Friday, May 28, 2010

Finra probing mortgage-debt offerings

Originally posted on the Reuters website:

Wall Street regulator FINRA is investigating the accuracy of disclosures surrounding subprime mortgage-backed security offerings, FINRA enforcement director James Shorris told a gathering of securities industry executives on Thursday.

The Financial Industry Regulatory Authority is taking a hard look at whether broker-dealers made "misstatements" or included "erroneous" information about their offerings, among other issues and practices.

Shorris, speaking on a panel during FINRA's annual conference, did not elaborate during the session. FINRA declined further comment on the investigation.

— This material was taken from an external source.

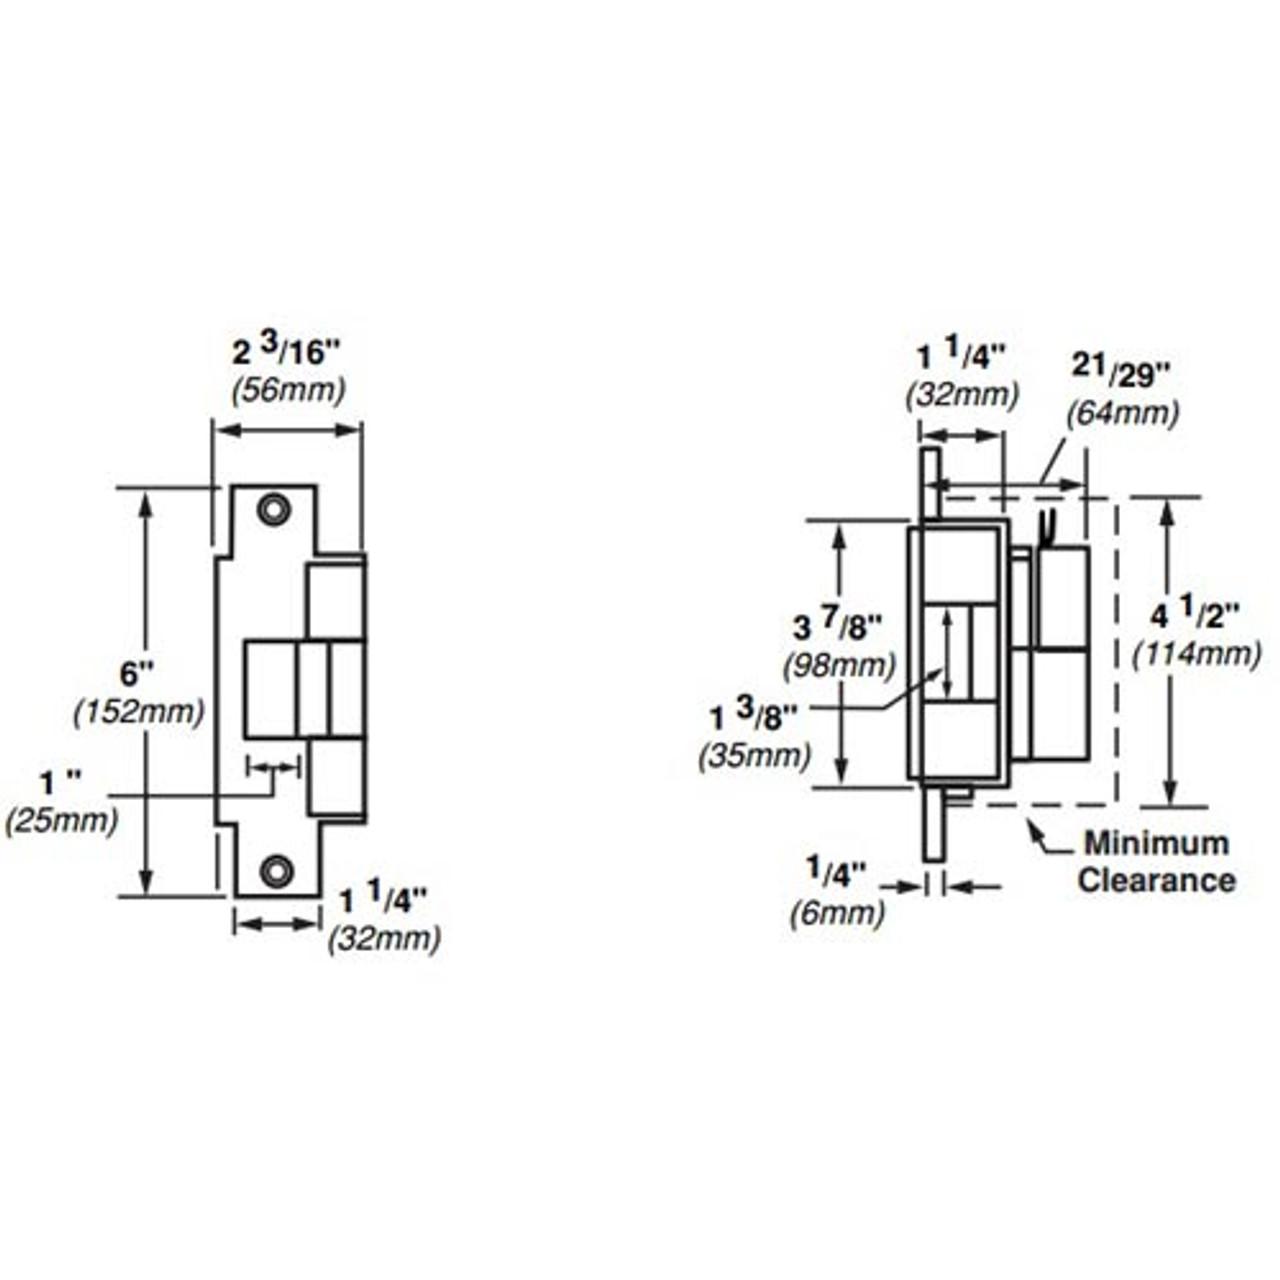 6213-FS-24VDC-US10 Von Duprin Electric Strike for Mortise or Cylindrical Locksets in Satin Bronze Finish

MBS are pools of loans that are packaged into fairly conventional securities. As housing prices soared in 2006 and 2007, lenders underwrote increasingly risky loans.

The 2007 crash in housing prices and collapse of mortgage markets fueled hundreds of billions of dollars in losses for investors and banks worldwide holding MBS and collateralized debt obligations (CDOs) that were suddenly more risky than advertised and difficult to trade.

"Subprime" mortgages, which refer to loans made to people with poor credit, were only one of a long list of issues now under scrutiny by FINRA, Shorris told a standing-room-only audience.

FINRA continues to look for fraud in swaps transactions executed for municipalities and Regulation D private placements, a little-watched corner of the market. It is also examining auction-rate debt securities, billions of dollars of which remain frozen after more than two years.

He also stressed his concern about a number of complex investments that are, in short, poorly explained, little understood by brokers and sold to the wrong people. This category includes reverse convertibles, equity-indexed annuities and leveraged or inverted ETFs.

Shorris also called attention to a trend where unregistered and unregulated foreign firms lend cash for stock held by U.S investors, with the expectation of returning the shares in two years.

Instead these firms liquidate the stocks, leaving investors stuck with a big tax bill and a transaction that cannot be unwound.